This is distinguished from the practice of team nursing or functional nursing by dividing duties by patient rather than by function (I.e. passing medications, doing treatments, etc.)

Specializes in med surg.

I am a charge nurse in a hospital that uses "primary nursing" meaning an RN takes 3-4 pts without a tech or LPN and they also use "team nursing" where an RN is paired with an LPN or tech and has 6 pts. Depending on how many pts we have and what the magical staffing matrix calls for dictates how much staff we have. We give the "primary" nurse the "best" pt assignment meaning the pts that can get up with minimal assist, need little PRN, etc. The problem is making sure that nurse is able to get to all the call lights. In addition we have hourly rounding where the staff is to go in to every pt room once an hour to check pain, potty, position. Thats not going great so we have not seen too much reduction in call light usage. Primary nursing can be good if its assigned correctly. Even if not assigned correctly pairing 2 nurses who can work well together with 7-8 pts can work well. It's all an theory of what is best. I think both ways can work well if people can work well together and help each other when in need.
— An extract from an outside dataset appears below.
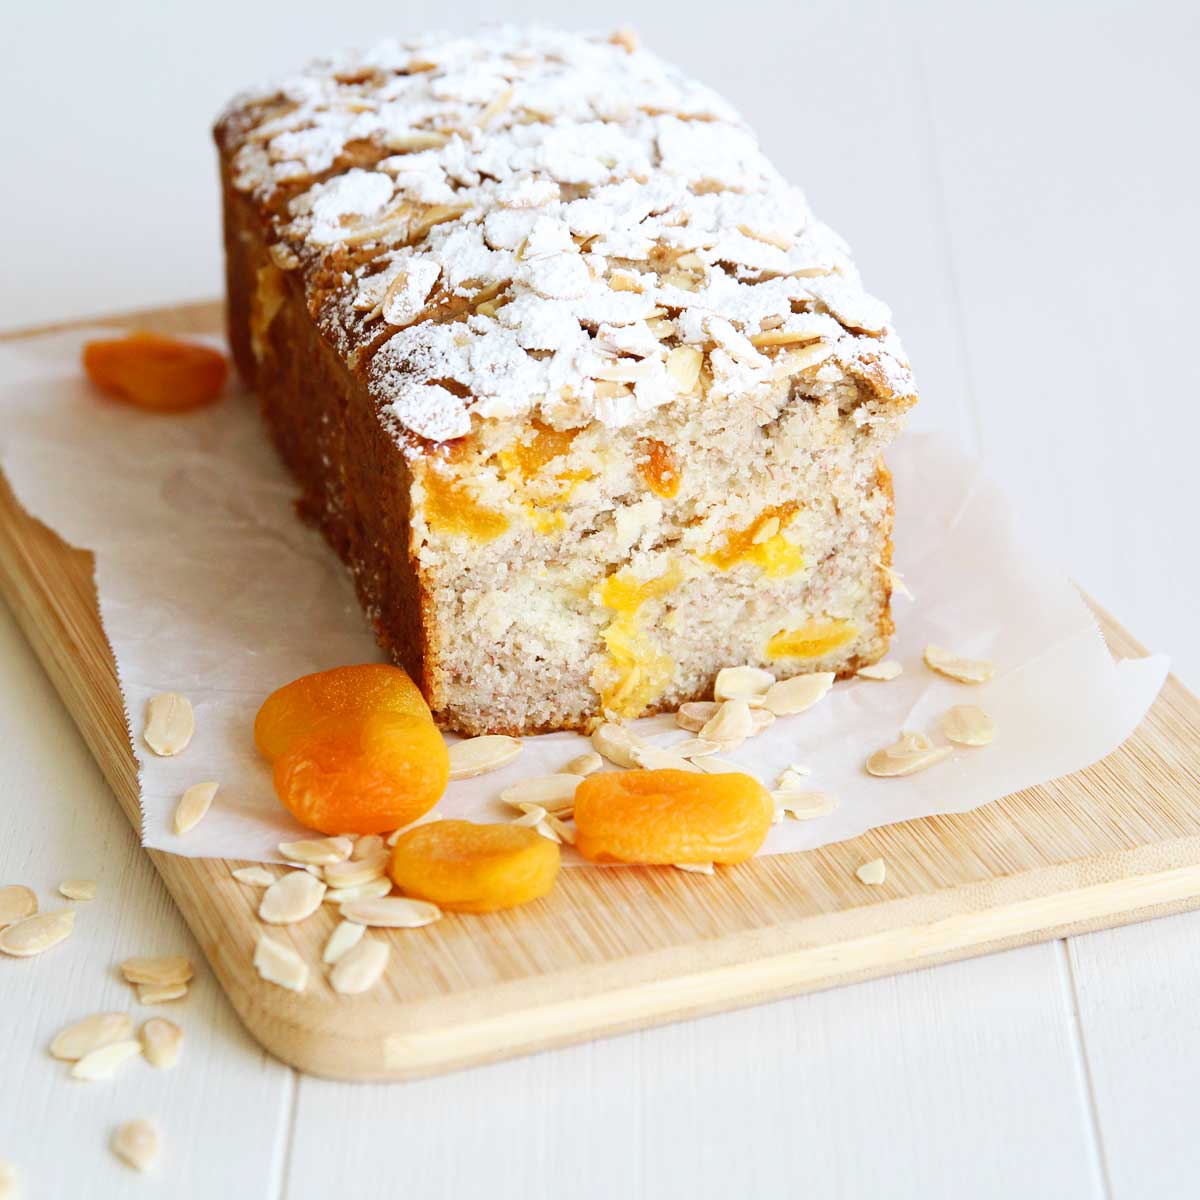 Simply Divine: Moist Vegan Almond Banana Bread with Apricots (Eggless, Dairy Free!) - Lemon Whipped Cream

I do think we rely on "patient satisfaction" scores way too much. My floors scores are like a rollar coaster. We have tried everything from customer service rounds, discharge call backs, manager rounds, etc. I work with a great bunch of nurses and can not understand why we vary so widely month to month. Pt's are sicker, nurses have lots of responsibilities, and life as a nurse is difficult. We may not get the blood off the sheet "stat" but we gave the pt with a hgb of 5 the life saving blood they needed "stat." Whats more important?:redbeathe

Specializes in MedSurg/Geropsych so far.
I am a charge nurse in a hospital that uses "primary nursing" meaning an RN takes 3-4 pts without a tech or LPN and they also use "team nursing" where an RN is paired with an LPN or tech and has 6 pts.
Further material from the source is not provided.